ProjectSMILE II - Safety analysis and verification/validation of MachIne LEarning based systems

SMILE II - Safety analysis and verification/validation of MachIne LEarning based systems

SMILE II - Safety analysis and verification/validation of MachIne LEarning based systems

To increase the level of autonomy, future vehicles will depend on functions that rely on Deep machine learning (DML) whose correct behavior cannot be guaranteed by traditional software engineering approaches. Furthermore, crucial parts in ISO 26262 are not well defined for addressing autonomous systems, and certain process requirements and recommendations are not applicable for the development of machine learning in the domains of specification, design, and testing. Based on the findings from the SMILE concept study (Englund et al. 2017), we have identified a series of opportunities that can improve the robustness when utilizing DML-based perception for autonomous vehicles.

The SMILE II project focuses on developing methods that allow DML-based functions to be included into safety critical vehicular applications. The proposed approach in this application constitutes the second out of three planned parts of the research endeavour, i.e., a three stage SMILE research program. In this project (SMILE II), we focus on designing a safety cage encapsulating the DML component. The focus in this project will be around verifying that the input data that is captured during run-time (from perception sensors) is representative for the model, thus, the models should only act on data that comes from the same distribution as that used for training the models. Thus, during training, the data that goes into the DML is something that it recognises and is trained to act upon. The safety cage will increase the reliability of the predictions by ensuring that the DML acts within a valid design space. In addition, we aim to explore how the data from outside of the training region of the models, could be used for updating models.

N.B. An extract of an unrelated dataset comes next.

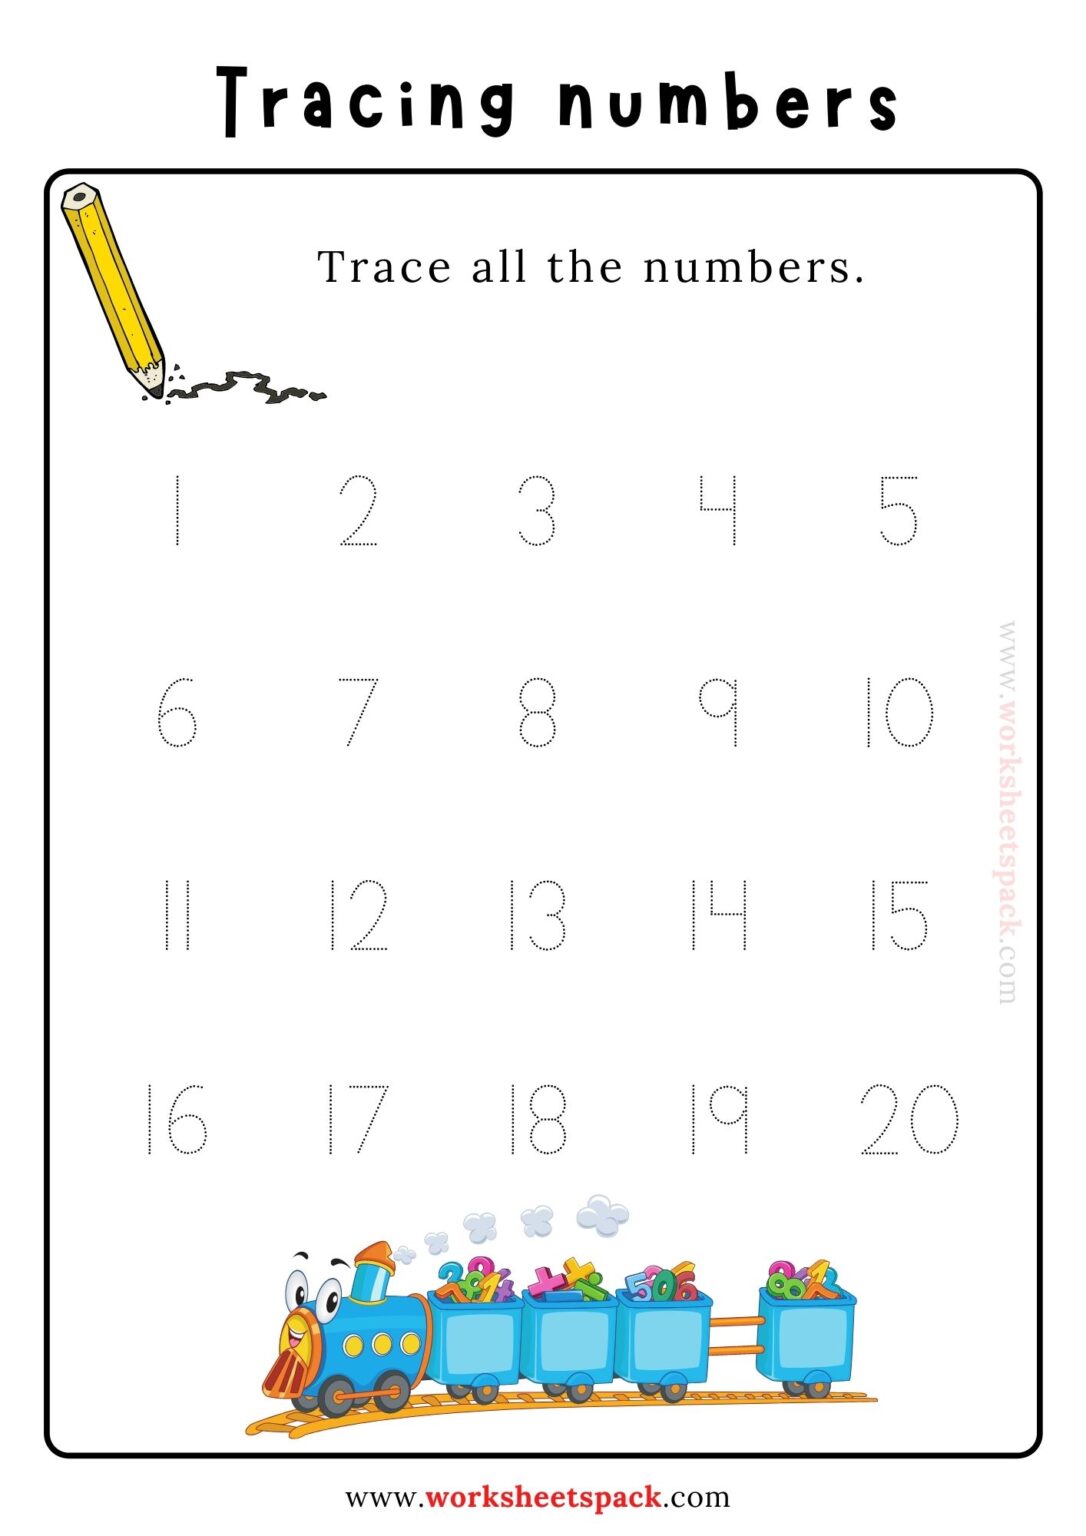 Get 65 Tracing Numbers Worksheets Ideas 62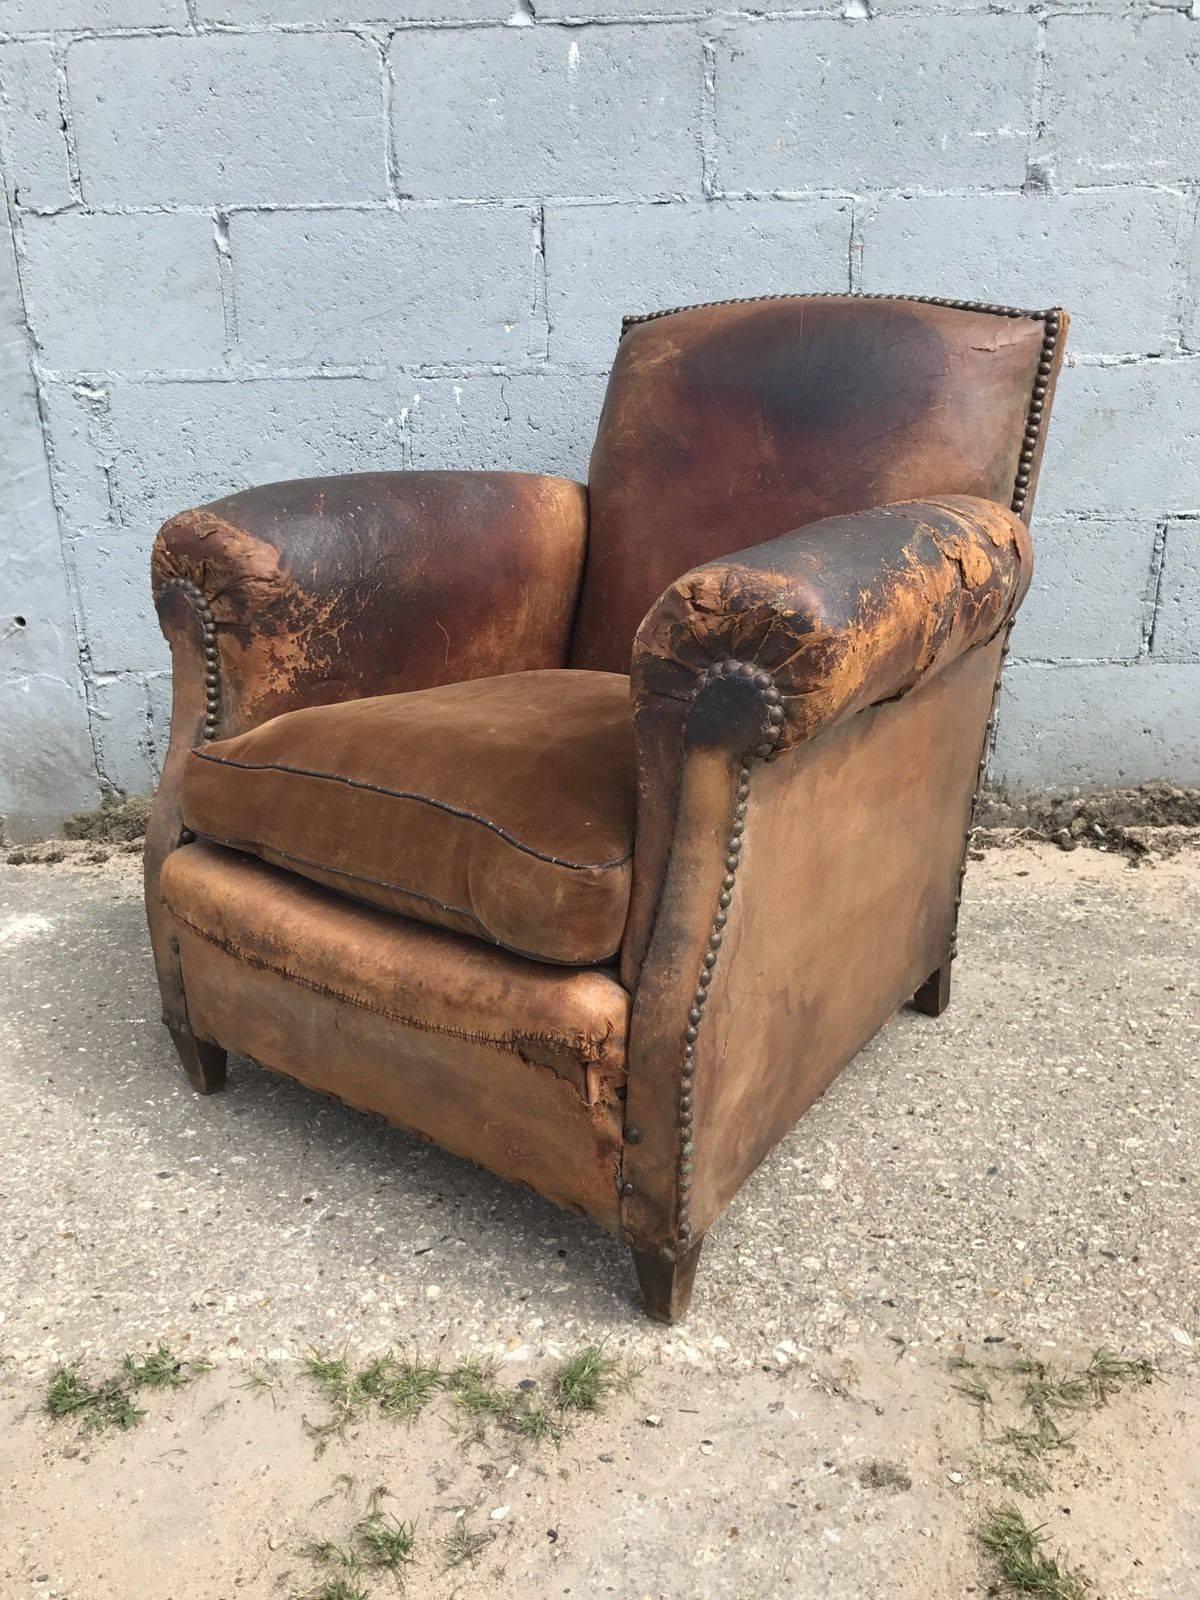 Here we have a beautiful French leather club chair from the very early 1900s. In fantastic worn condition.






































 

The next phase of the SMILE research program (SMILE III) will concern the actions to be made if the data is considered to come from outside of the training space, i.e., the design of an alternative model for handling this data should be made. Additionally, the aim is to have (at least) 3 PhD students associated to the program, enrolled at e.g. Chalmers, Lund University and Halmstad University. The results from the project are of interest for actors that want to use machine learning in safety critical applications. 

The main applicant of this project is RISE Viktoria, and other partners are RISE SICS, QRTECH, Semcon, Volvo Cars and Volvo Technology AB. The project will run from October 2017 to September 2019 and is funded by Vinnova within the FFI - Machine Learning call.